Başarı, Türkiye'yi turizmde dünya lideri yapmaktır. Turist sayısını 80 milyona çıkarmaktır. Bu hedeflere bu zihniyetle başaramayız. Libya'nın da çok güzel kıyıları var ama bir turizm ülkesi olamadı. İran'da, Irak'da kültürel miraslara sahip ülkeler ama turizm ülkesi olamadılar. Ülkenizde demokrasi, adalet, huzur yoksa turizmde olmaz. İstanbul Sözleşmesi'nden çıkıp Türkiye'yi dünya aleme rezil edersiniz, turizmde rezil olur. 

İktidara turizm reçetesi

İYİ Parti olarak iktidara yanlışı söylediğimiz zaman nasıl olması gerektiğini de söyleriz. Çözümünü de öneririz.

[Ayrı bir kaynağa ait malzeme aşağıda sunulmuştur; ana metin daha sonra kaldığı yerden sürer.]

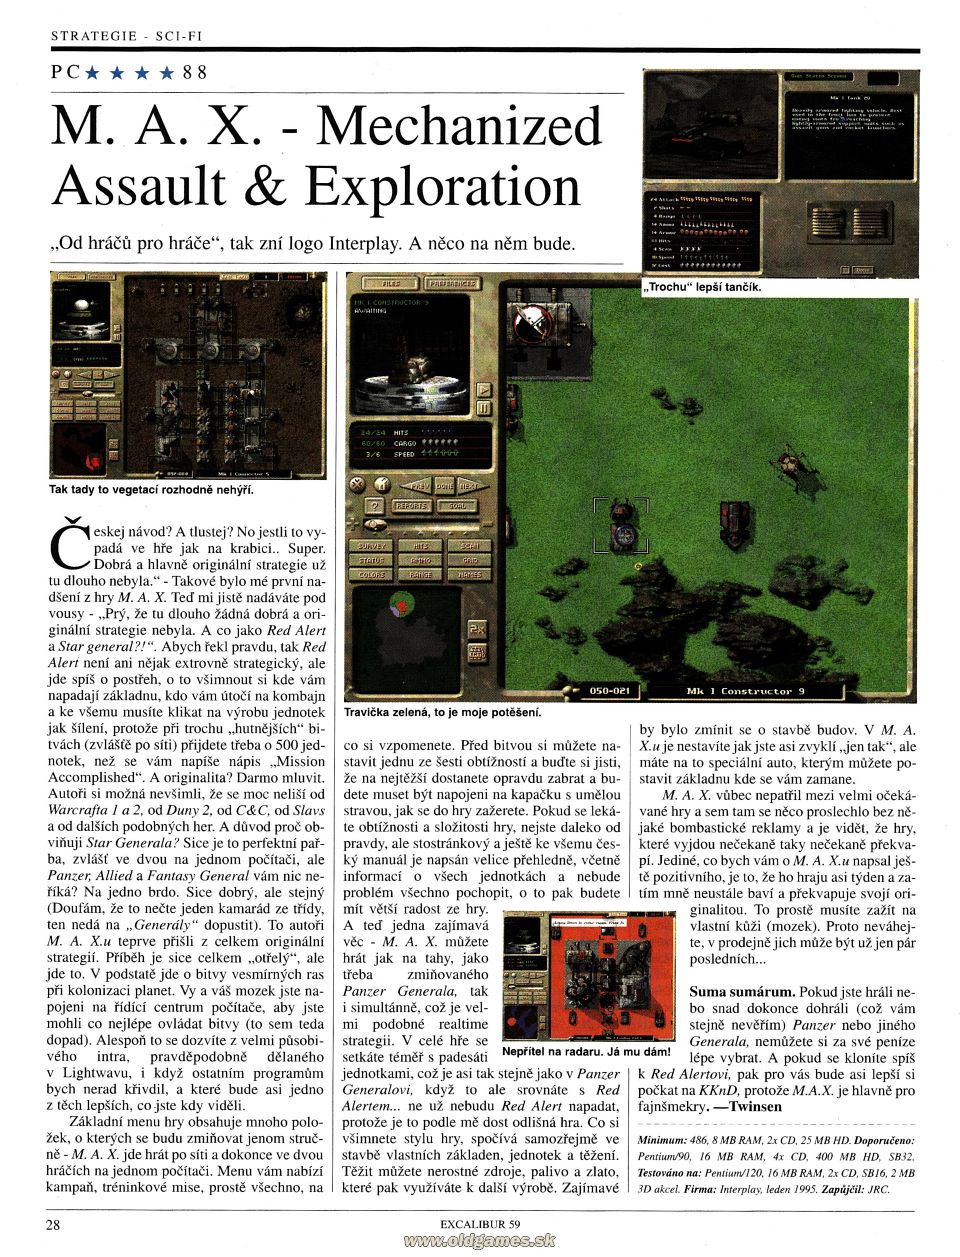 M.A.X. - Mechanized Assault & Exploration

O nedenle iktidara seslenmek istiyorum.

  • Kısa Çalışma Ödeneğini 31 Aralık 2021'e kadar uzatın.
  • Sicil affı ve düşük faizli kredi desteklerinden sektörün genelinin faydalanmasını sağlayın.
  • Turizm sektörü özelinde mücbir durum ilan edin. 
  • Orta ölçekli firmalara, acentelere desteklerin adil ve eşit olarak dağıtımını sağlayın.
  • Genel KDV indirimlerini 2021 sonuna kadar uzatın.
  • Hava yolu şirketlerine hibe ve kredi destekleri verin.
  • Havaalanı ücretlerini, havayolu şirketlerinin istekleri doğrultusunda değerlendirin.
  • Kredileri faizsiz olarak erteleyin.

Türkiye'nin turizmde lider ülke olmak için her türlü kaynağı var.